For context, an interest rate carry trade involves borrowing in a currency with a low interest rate and investing in a currency with a higher interest rate to profit from the interest rate differential. Traders engaging in carry trades also benefit from unrealized gains as the value of the borrowed currency declines while the value of the purchased currency appreciates. These unrealized gains are the primary source of profit in the second stock-currency carry trade.

When Japanese banks lent Yen to currency carry traders, they increased the Yen supply, which these traders then sold in international markets. This surplus Yen ended up inflating the value of the Nikkei and other Japanese financial assets, as well as contributing to inflation in the real economy.
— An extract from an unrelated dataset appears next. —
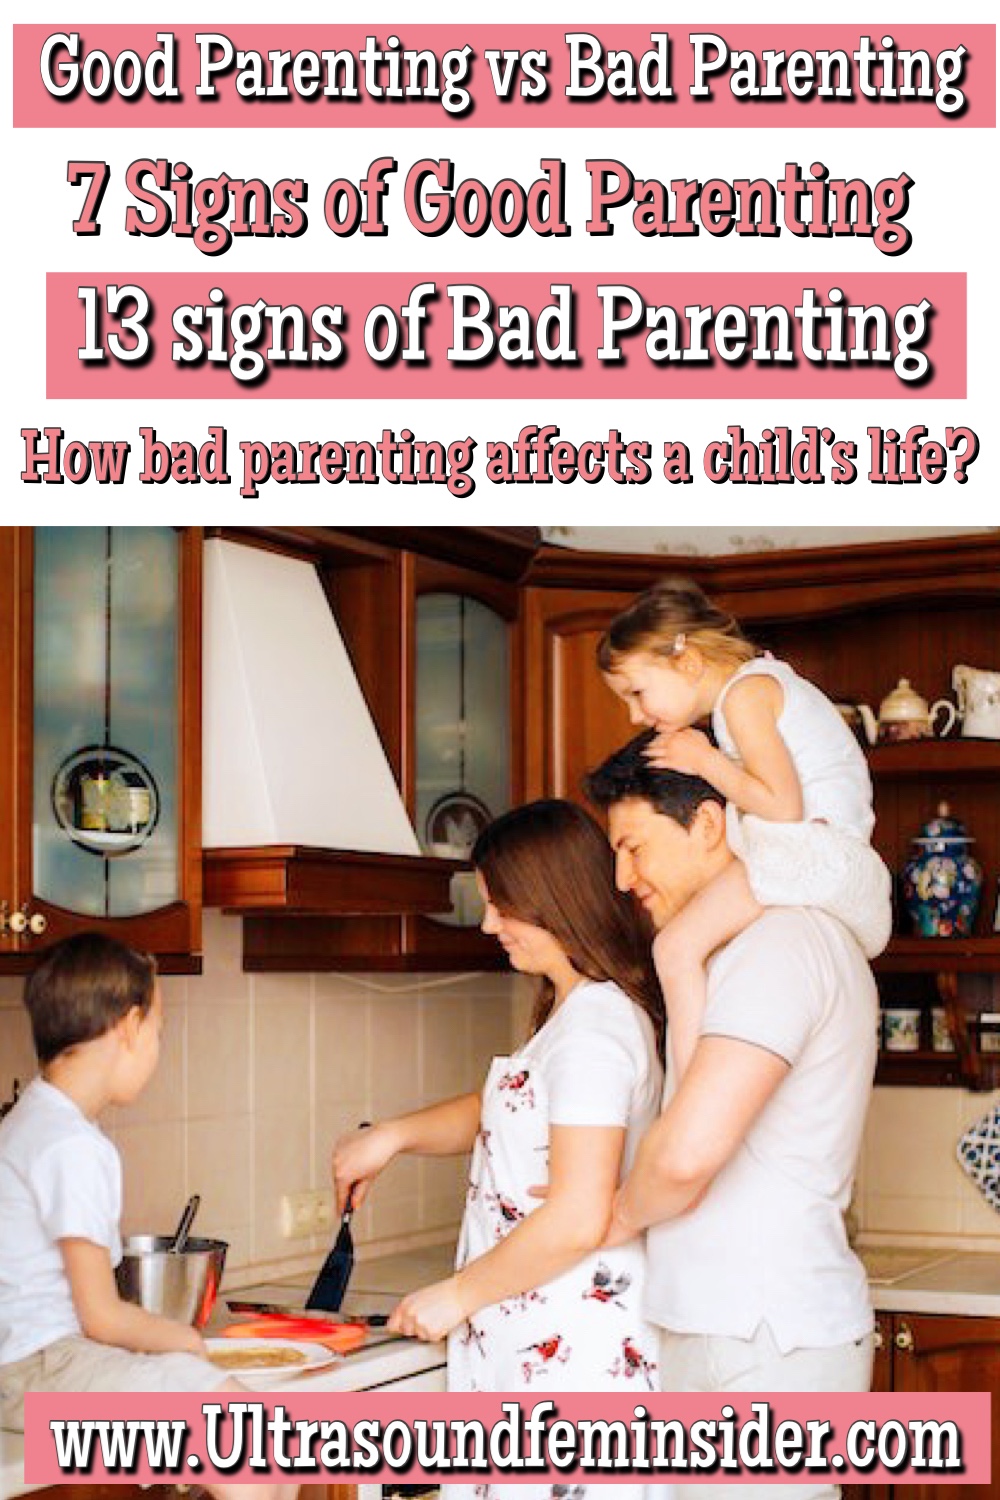 Signs of Good Parenting vs Bad Parenting. Here is What you should know.

With an abundance of Yen, the nominal value of the Japanese stock market had to rise just to maintain the real value of Japanese stocks. Consequently, over the past three years, the Nikkei has experienced its largest rally since the 1980s.

These carry trades were a result of the Bank of Japan's (BOJ) extremely dovish interest rate policy, which has kept rates at zero for decades. This policy, coupled with the US Federal Reserve's dramatic rate increases from 0% to 5.25% since late 2021, created an interest rate differential that encouraged extensive borrowing of Yen for investment in US Treasury bonds and other securities.

However, the carry trade began to unravel when the BOJ announced on July 31st that it would start raising interest rates to strengthen the Yen and address real goods inflation in Japan. Recognizing a trend shift, traders rushed to sell their securities and lock in the unrealized gains from the carry trades. This surge in demand for Yen led to a liquidation in the Nikkei and cross-currency markets, resulting in the forced liquidation of many traders’ Nikkei stock portfolios and causing the index to decline by as much as 15% in a single day.

The Nikkei has since stabilized at its pre-crash level, and the Yen has temporarily halted its rise.

[Figure 8: USD/JPY 1 Year; Daily Candles]

[Figure 9: Nikkei 2 Years; Daily Candles]

S&P 500 implied volatility currently stands at 15.22, while US Treasury implied volatility is at 103.74.

[Figure 10: VIX 1 Year; Daily Candles]

[Figure 11: Move Index 1 Year; Daily Candles]

Equity and bond IV exploded higher during the Yen carry trade collapse. Equity and bond vol reached highs of 65.86 and 121.25, respectively.